## Data for the task
————

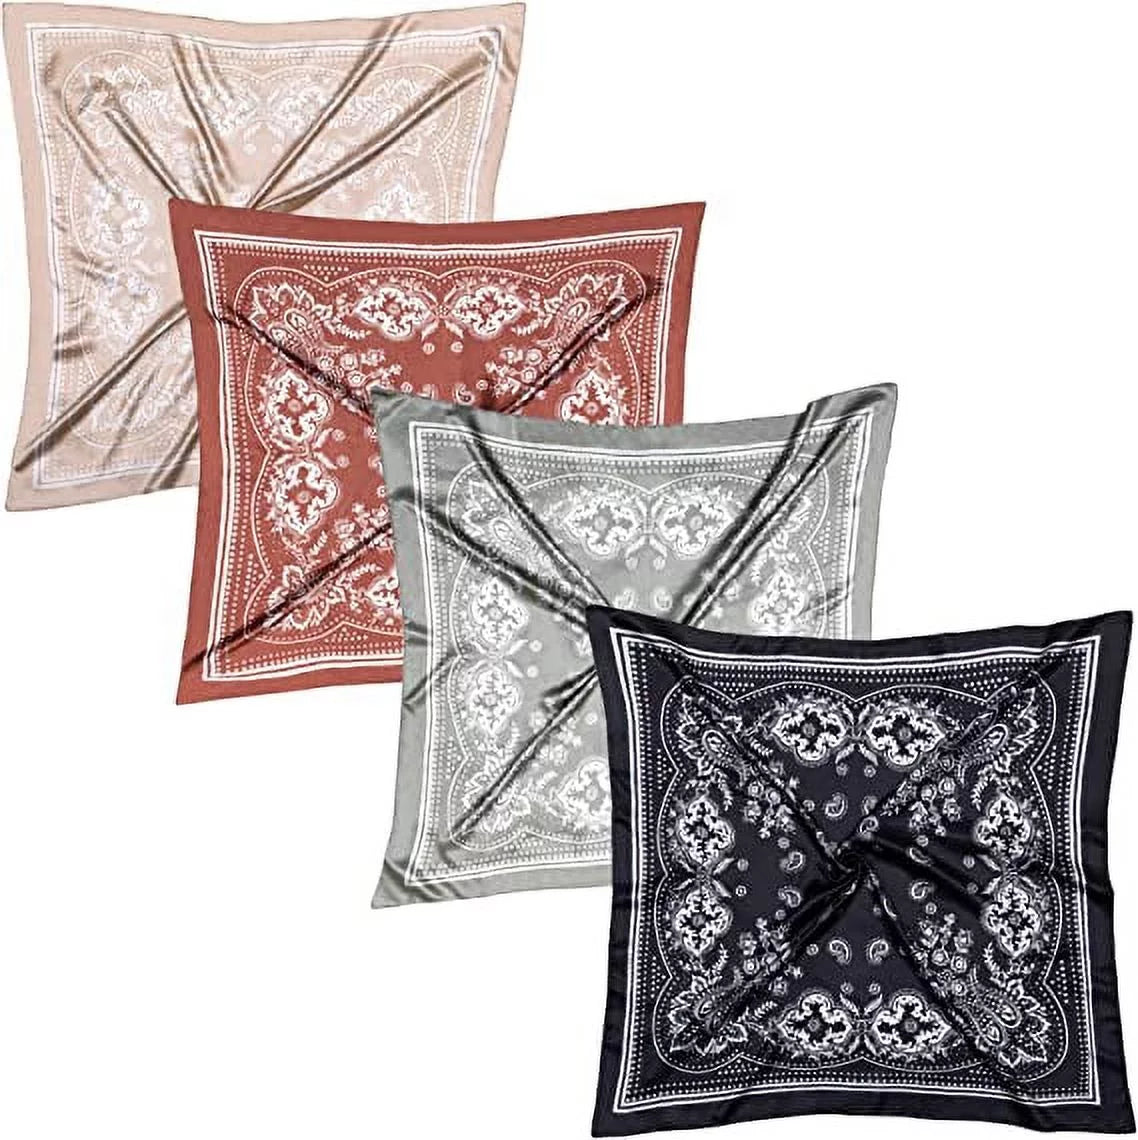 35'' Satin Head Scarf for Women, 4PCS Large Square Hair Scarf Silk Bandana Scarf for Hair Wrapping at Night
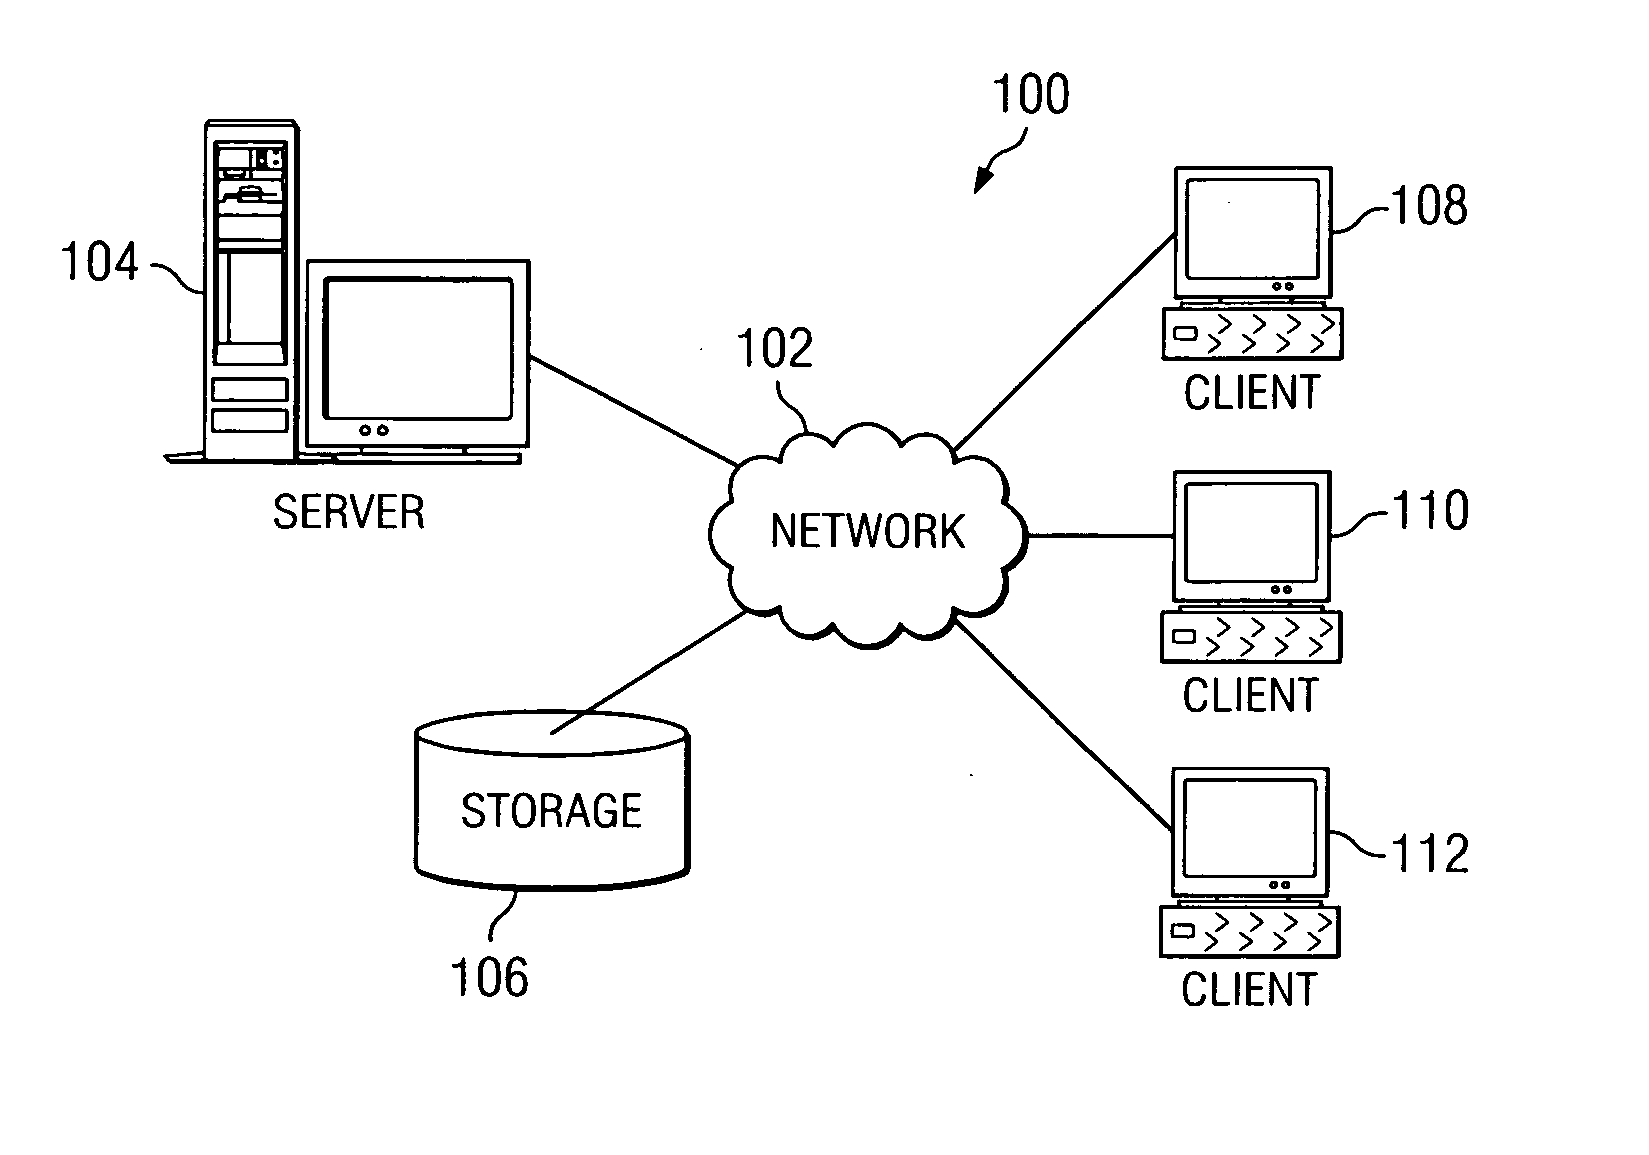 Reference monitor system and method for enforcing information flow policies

————

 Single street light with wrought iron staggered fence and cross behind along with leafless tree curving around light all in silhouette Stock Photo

————

## Work to complete
Please copy out from the data above, without any picture, exactly the lines running from the one that holds "35'' Satin Head" through the one that holds "Reference monitor system", and nothing beyond them.

## Output
 35'' Satin Head Scarf for Women, 4PCS Large Square Hair Scarf Silk Bandana Scarf for Hair Wrapping at Night
 Reference monitor system and method for enforcing information flow policies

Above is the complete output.